An Ohio courtroom is taking up a high-stakes question this week: after a deadly rideshare wreck, how far up the chain can crash victims go when they sue. The case stems from an August 2024 collision on Columbia Parkway that killed a motorcyclist and left his fiancée with what attorneys describe as life-altering injuries, and it could reset the playbook for rideshare liability in Ohio.
The crash happened on Aug. 3, 2024, when investigators say an Uber vehicle made an improper turn and struck a motorcycle in the 1100 block of Columbia Parkway, killing one rider and critically injuring the passenger, according to local reports. Police later charged the driver in the criminal investigation that followed, as reported by WLWT.
The estate of the motorcyclist, identified in court filings as 47-year-old Michael Morrison, and his injured fiancée, Lisa Lloyd, have now filed civil claims. In their lawsuit, they allege the Uber driver pulled an illegal U-turn that triggered the collision and say the company’s systems are part of the story. The complaint argues the app “incentivizes Uber drivers” to violate traffic laws to minimize the duration of trips and to fit more trips into a given work period,” according to the Cincinnati Enquirer.

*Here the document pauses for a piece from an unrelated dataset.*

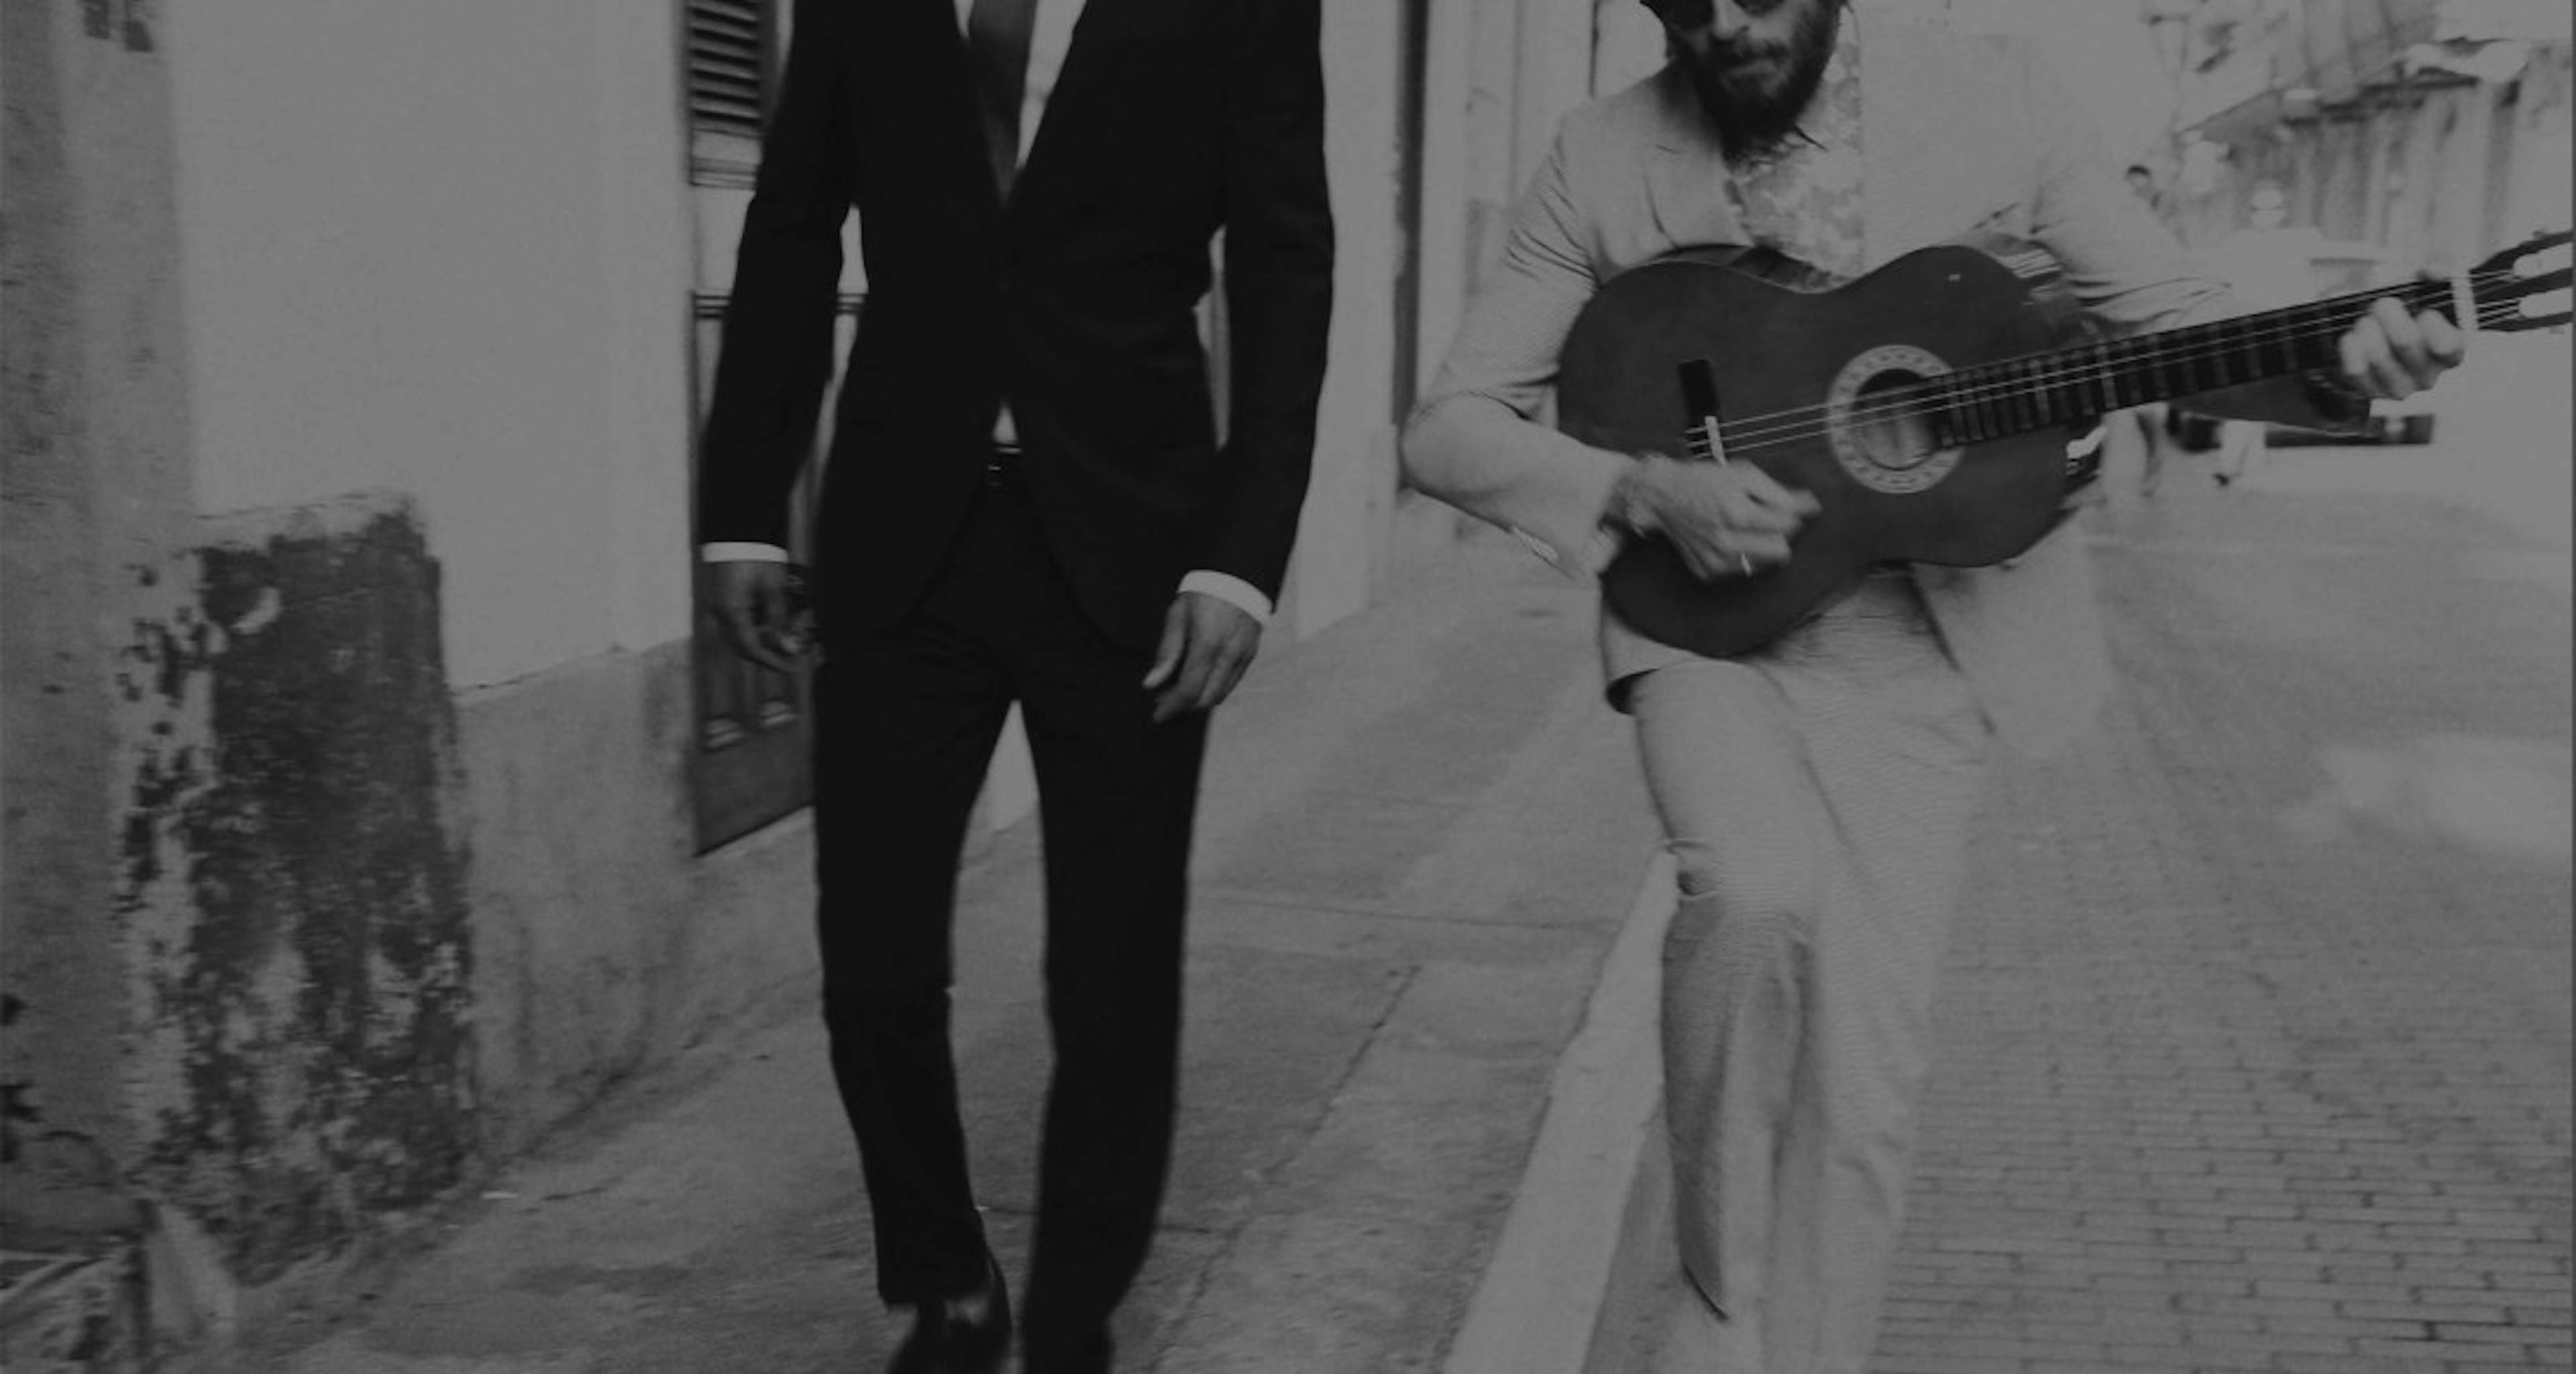 Image of 2 men in suits walking down the block, man on the right has a guitar.

Ohio law and insurance coverage
Ohio law lays out a detailed framework for transportation network companies and their drivers, including who carries what insurance and when. State statutes require a primary auto policy for drivers who are logged onto a company’s app, plus a $1 million policy while a driver is engaged in TNC services, along with specified minimums for logged-on coverage. The same chapter spells out that, unless there is a written contract saying otherwise, a TNC driver is not considered an employee or agent of the company. That legal distinction looms large in cases like this because it affects whether crash victims can reach the corporation itself in court. The requirements appear in Ohio Revised Code §3942.02 and §4925.10.
Plaintiffs' strategy and the hurdles they face
Lawyers for Morrison’s estate and for Lloyd are trying to move past a narrow focus on the driver and tie the crash to broader company practices. They have asked for documents and testimony on routing, pay incentives, and app prompts in an effort to show that what happens on the screen can shape what happens on the road.
The hitch is that the statutory framework sharply limits the traditional respondeat superior path that plaintiffs often use to pin liability on employers. In Ohio, that typically pushes crash victims toward theories like negligent hiring, negligent supervision or failure to warn if they want to bring a TNC into the case. An analysis from the Ohio Legislative Service Commission explains those limits, details the insurance rules that govern coverage disputes, and notes that the TNC statutes preempt local regulation.
Nationwide context
Similar fights have been playing out across the country, with rideshare cases splintered among different courts and legal theories. Recent bellwether trials have produced mixed verdicts and have dragged internal company practices and safety protocols into the spotlight. Those outcomes mean a win for the plaintiffs in Cincinnati could bolster efforts in other states to pry loose app data and corporate records, while a narrow ruling could reinforce existing statutory shields that TNCs rely on. Juries elsewhere have already weighed in on related questions, as reported by the Charlotte Observer.
Legal implications
One early battleground is discovery. If the court allows wide-ranging access to app data, training files, and company communications, that could erode some of the practical protections transportation network companies lean on, even if the statutes themselves stay untouched. At the same time, proving corporate negligence or other common-law claims remains an uphill climb under Ohio’s allocation of responsibility and insurance obligations.
The case now sits at the center of lawsuits that are testing how far those limits can stretch, according to Local 12. For Morrison’s family and for Lloyd, the litigation is about accountability and compensation after a sudden loss. For lawyers, insurers, and city officials watching from the sidelines, it is a reminder that the rules governing app-based rides are still evolving. What the Hamilton County judge lets jurors see, and how insurers handle first-dollar coverage, will shape not only this case but the next wave of rideshare crash claims.